A STUDY BILLED as the first of its kind indicates the initial season of Hulu’s Castle Rock television series received a projected $14.6 million in film tax credits from the state and generated $69 million of total economic output in Massachusetts – a return of $4.73 for every dollar of tax credit.
The study is unique in that Warner Bros. Television, the producer of the series, shared inside data on production spending with Industrial Economics of Cambridge, which was hired by groups pushing for the elimination of a 2022 sunset date for the film tax credit.
The data indicate a good chunk of the production spending paid to people and vendors outside the state actually was spent inside Massachusetts, increasing the rate of return on the tax credits issued for the production.
The conclusions in the report, which focus on a single year-long production, run counter to industry-widereports done years ago by the Massachusetts Revenue Department suggesting more than half of the spending spawned by film tax credits flowed out of state. Castle Rock was the first series to be filmed in Massachusetts in more than 25 years, and its economic impact in Massachusetts is likely larger than movies and other productions, which have much shorter film shoots. Castle Rock operated out of New England Studios in Devens.
The Massachusetts film tax credit was launched in 2006 and is scheduled to sunset on December 31, 2022. It offers anyone shooting films, TV shows, or commercials in Massachusetts a credit equal to roughly 25 percent of whatever they spend. The credits are extremely attractive because they can be converted into cash by either selling them back to the state at 90 percent of their face value or by selling them to a corporation or individual with a large tax liability in Massachusetts.
According to the Industrial Economics report, the first season of Castle Rock filmed in Massachusetts from March 2017 to February 2018, spending $58 million and receiving $14.6 million in tax credits. Of the $58 million, the report says, $30 million went to addresses inside Massachusetts and $28 million to addresses outside the state. Based on a review of the $28 million spent outside the state, the study concludes that only $16.5 million was spent outside the state and $11.5 million was actually spent inside the state, bringing the total in-state spending to $41.5 million.
The higher in-state spending number is based on estimates of what individuals from outside Massachusetts working on the series would have spent inside the state while working here. The analysis also says many non-personnel expenditures made to addresses outside the state actually were made to in-state vendors. The report said most of those payments were made to local outlets of national retail chains and car rental companies, which had out-of-state addresses.
Using economic multipliers, the Industrial Economics report estimated the $58 spent on Castle Rock yielded a total economic impact of $69 million.
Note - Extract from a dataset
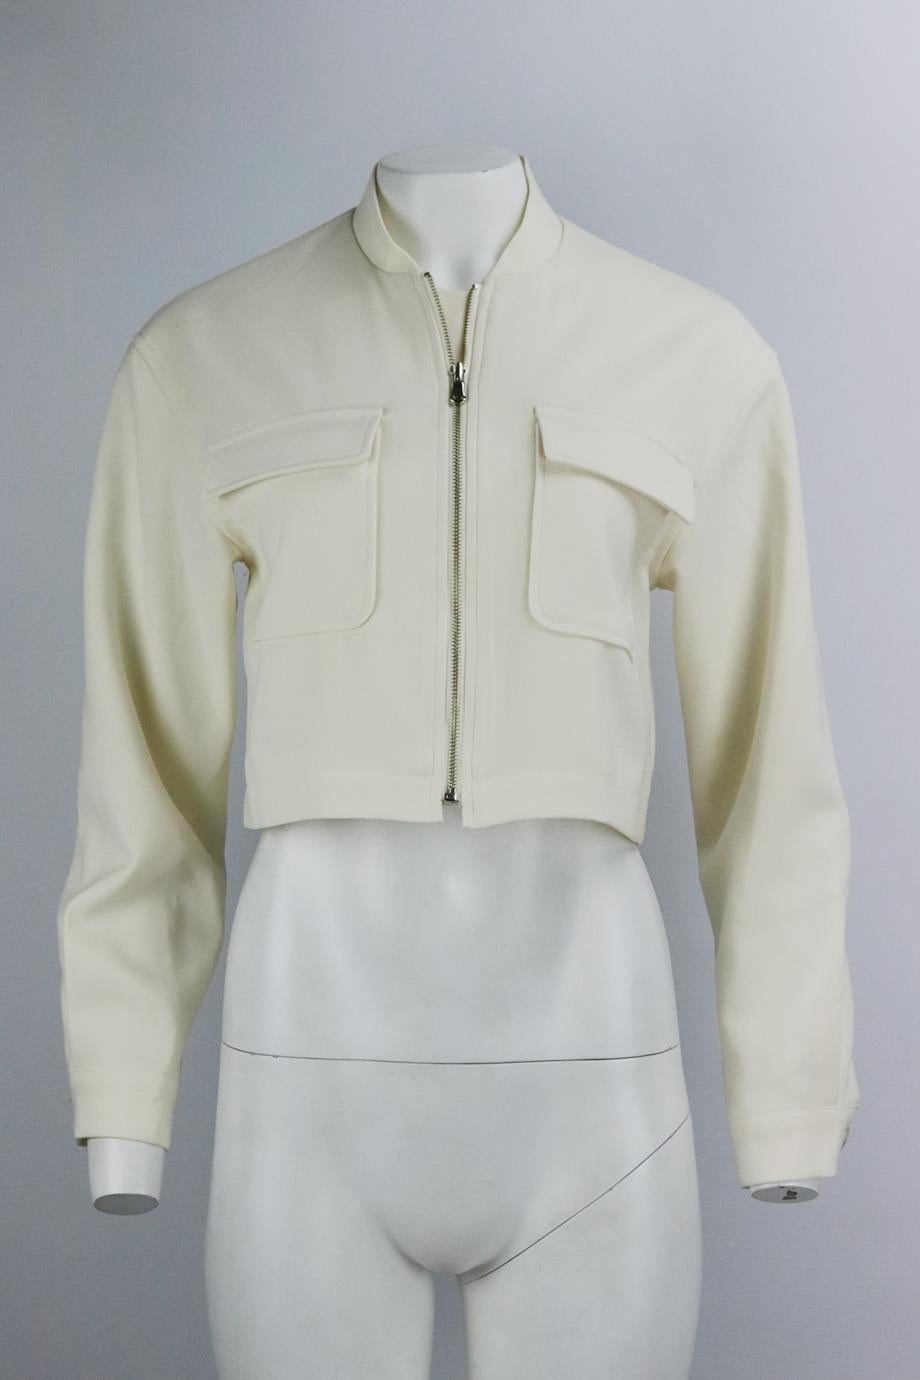 Marcéla London cropped twill bomber jacket. White. Long sleeve, v-neck. Zip fastening at front. 97% Polyester, 3% spandex. Size: One Size. Shoulder to shoulder: 18.2 in. Bust: 40.4 in. Waist: 41 in. Length: 17 in

The report said 1,026 full-time jobs were created by the production and spending occurred in 210 cities and towns across the state.
At a Zoom press conference, Chris O’Donnell, business manager of IATSE Local 481, the union representing technicians and craftspeople on film sets, said TV and movie productions plan years in advance, and may shy away from Massachusetts if the sunset date on the film tax credit is not removed. Pointing to a map showing communities in color where Castle Rock spent money, O’Donnell painted a grim picture if the sunset date is not eliminated.
“If we don’t eliminate the sunset soon, this map is going to start looking more and more white with less and less color,” he said. “Productions and producers of this content need certainty. Having this program end in two years creates more uncertainty.”
Sen. Sal DiDomenico of Everett, who supports the tax credit, said the data indicate large numbers of Massachusetts residents are benefitting from the program. He said the film tax credit is not supporting big-name actors such as Tom Cruise and Johnny Depp.
“The narrative that we’ve heard on the film tax credit is that it benefits the Hollywood elite. That’s BS,” he said.
The Industrial Economics study did not examine how the tax credit benefitted stars and directors from out of state. It only concluded that $16.5 million, or 28 percent, of the $58 million spent on Castle Rock went out of state.